You know if you just reach in and scratch him behind the ear.....he will calm right down. NOT....! ;)

The video shows what I've always said: A Boar can inflict a severe wound by hitting you with a tusk, BUT damage will be gruesome if they BITE you and shake. They have tremendous jaw strength and can shake you like a ragdoll.
 
I had half a dozen youngsters in a trap once that were about maybe 10-15 pounders. I was playing around with them a little and stuck my toe through the wire. One of them grabbed ahold of my shoe and did the shake thing. I wouldn't want to do that with a larger one. One of the last ones I got was close to twice the size of the one in the video and I went up to converse with him a little before his demise. He was so wild get got his nose through the door and threw it halfway open...but luckily didn't run out in time before it came back down. His demise had to come a lot quicker than he wanted.
I guess maybe I shouldn't play around with them as much as I do...but us guys do seem to like some small element of danger in our hobbies.
 
Update: Did not recover the second hog that was hit. I rarely lose one....but it happened this time.

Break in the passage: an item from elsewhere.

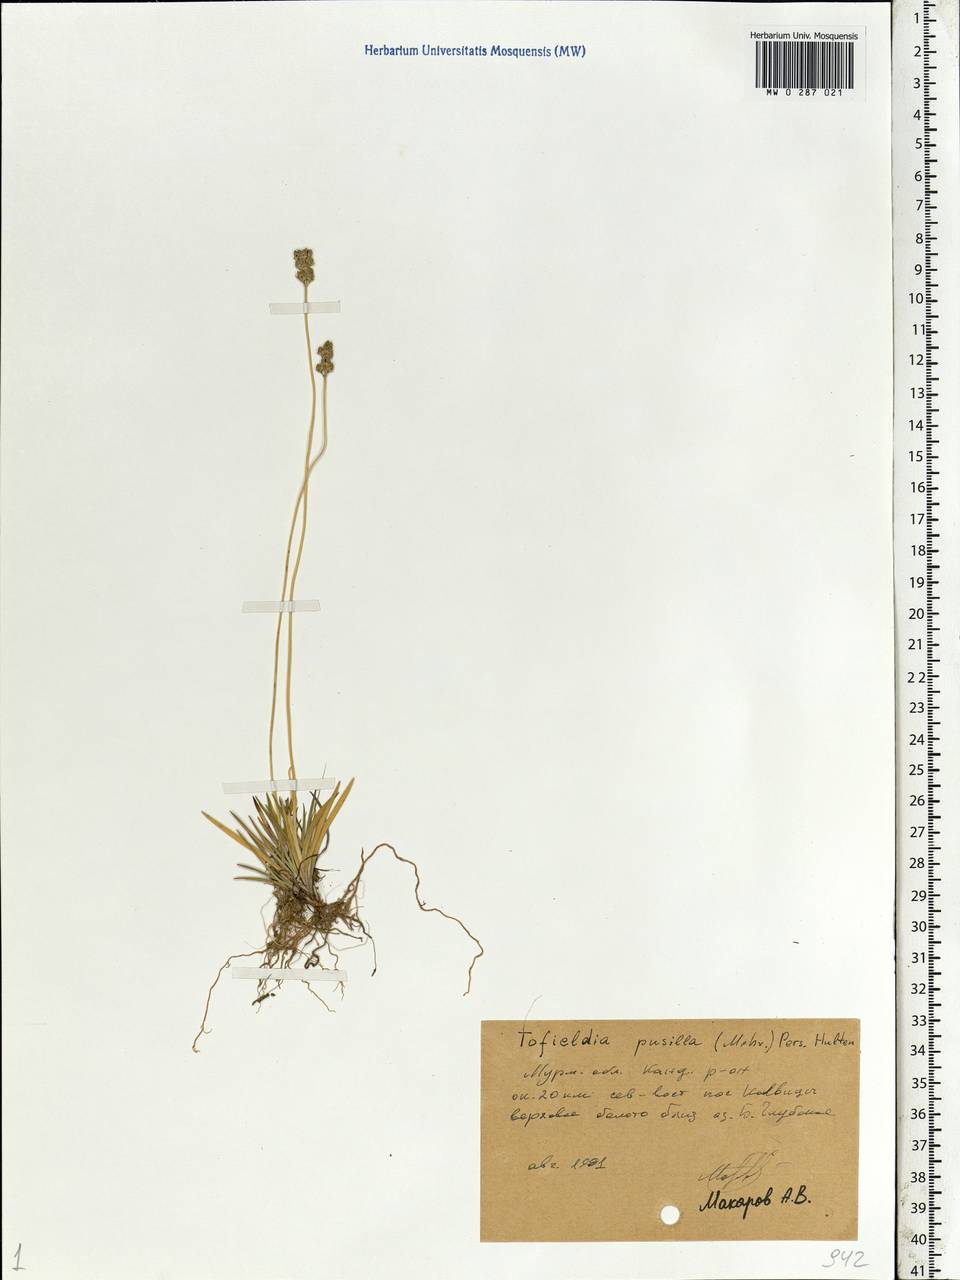 Tofieldia pusilla (Michx.) Pers., Eastern Europe, Northern region (E1) (Russia)

Pretty good blood trail going into the brush, crossed the logging road and under the fence onto the neighbors property.

About 75 yards in total. Not worth pursuing any further. Chock it up as a hit, with no recovery.

Did happen across this little fella while I was blood trailing.

NO...not a Green Mamba !

Greensnake2_zpsr5e1u8jz.jpg



A little bit cool for snakes to be out this morning....but I guess it was looking for a meal.